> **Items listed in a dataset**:
▬▬▬▬▬▬▬▬▬▬

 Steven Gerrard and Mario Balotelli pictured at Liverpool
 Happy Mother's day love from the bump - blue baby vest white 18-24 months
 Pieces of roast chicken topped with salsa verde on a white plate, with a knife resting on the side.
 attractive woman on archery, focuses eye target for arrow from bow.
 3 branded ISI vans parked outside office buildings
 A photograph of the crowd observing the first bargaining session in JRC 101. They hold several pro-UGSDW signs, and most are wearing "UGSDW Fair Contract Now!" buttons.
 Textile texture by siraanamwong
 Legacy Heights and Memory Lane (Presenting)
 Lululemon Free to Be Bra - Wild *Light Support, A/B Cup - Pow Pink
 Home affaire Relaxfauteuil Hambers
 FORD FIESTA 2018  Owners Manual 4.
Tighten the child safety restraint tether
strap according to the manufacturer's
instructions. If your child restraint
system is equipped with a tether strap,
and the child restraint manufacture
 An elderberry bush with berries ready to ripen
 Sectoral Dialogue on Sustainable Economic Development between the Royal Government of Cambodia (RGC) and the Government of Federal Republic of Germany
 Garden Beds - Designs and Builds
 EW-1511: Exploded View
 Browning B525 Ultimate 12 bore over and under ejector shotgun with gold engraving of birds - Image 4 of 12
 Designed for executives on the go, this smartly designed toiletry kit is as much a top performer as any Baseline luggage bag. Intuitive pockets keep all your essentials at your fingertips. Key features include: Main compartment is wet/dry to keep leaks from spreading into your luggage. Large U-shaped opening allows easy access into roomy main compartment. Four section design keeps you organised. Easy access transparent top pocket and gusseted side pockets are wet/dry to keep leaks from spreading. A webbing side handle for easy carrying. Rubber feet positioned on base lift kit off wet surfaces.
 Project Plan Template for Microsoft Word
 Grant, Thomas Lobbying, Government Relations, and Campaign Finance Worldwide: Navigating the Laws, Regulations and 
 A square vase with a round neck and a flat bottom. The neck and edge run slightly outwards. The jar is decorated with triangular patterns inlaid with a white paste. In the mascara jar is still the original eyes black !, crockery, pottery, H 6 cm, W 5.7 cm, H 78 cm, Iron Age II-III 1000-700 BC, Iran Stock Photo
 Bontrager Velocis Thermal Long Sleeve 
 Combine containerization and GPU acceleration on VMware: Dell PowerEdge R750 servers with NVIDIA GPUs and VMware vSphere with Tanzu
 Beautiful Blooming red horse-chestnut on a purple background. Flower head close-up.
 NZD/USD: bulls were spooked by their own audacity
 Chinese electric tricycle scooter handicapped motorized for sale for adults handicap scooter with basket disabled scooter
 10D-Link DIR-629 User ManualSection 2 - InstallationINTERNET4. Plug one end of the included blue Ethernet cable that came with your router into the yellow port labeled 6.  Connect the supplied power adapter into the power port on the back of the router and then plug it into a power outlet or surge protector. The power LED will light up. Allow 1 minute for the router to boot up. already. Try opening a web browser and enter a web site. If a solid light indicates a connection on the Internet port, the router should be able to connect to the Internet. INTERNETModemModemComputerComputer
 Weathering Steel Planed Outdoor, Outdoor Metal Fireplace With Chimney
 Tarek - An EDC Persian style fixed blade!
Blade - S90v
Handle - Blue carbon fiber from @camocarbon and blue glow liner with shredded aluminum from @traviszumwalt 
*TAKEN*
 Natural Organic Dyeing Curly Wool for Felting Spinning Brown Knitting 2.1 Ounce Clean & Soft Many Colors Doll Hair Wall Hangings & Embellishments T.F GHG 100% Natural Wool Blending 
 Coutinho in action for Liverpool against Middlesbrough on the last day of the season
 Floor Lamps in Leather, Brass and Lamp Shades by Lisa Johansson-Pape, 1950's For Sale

▬▬▬▬▬▬▬▬▬▬

> **Work to complete**: Nothing beyond the line containing "An elderberry bush" is to be output; the lines above, from the first one onward to that line, are to be transcribed exactly.

> **Exercise result**:
 Steven Gerrard and Mario Balotelli pictured at Liverpool
 Happy Mother's day love from the bump - blue baby vest white 18-24 months
 Pieces of roast chicken topped with salsa verde on a white plate, with a knife resting on the side.
 attractive woman on archery, focuses eye target for arrow from bow.
 3 branded ISI vans parked outside office buildings
 A photograph of the crowd observing the first bargaining session in JRC 101. They hold several pro-UGSDW signs, and most are wearing "UGSDW Fair Contract Now!" buttons.
 Textile texture by siraanamwong
 Legacy Heights and Memory Lane (Presenting)
 Lululemon Free to Be Bra - Wild *Light Support, A/B Cup - Pow Pink
 Home affaire Relaxfauteuil Hambers
 FORD FIESTA 2018  Owners Manual 4.
Tighten the child safety restraint tether
strap according to the manufacturer's
instructions. If your child restraint
system is equipped with a tether strap,
and the child restraint manufacture
 An elderberry bush with berries ready to ripen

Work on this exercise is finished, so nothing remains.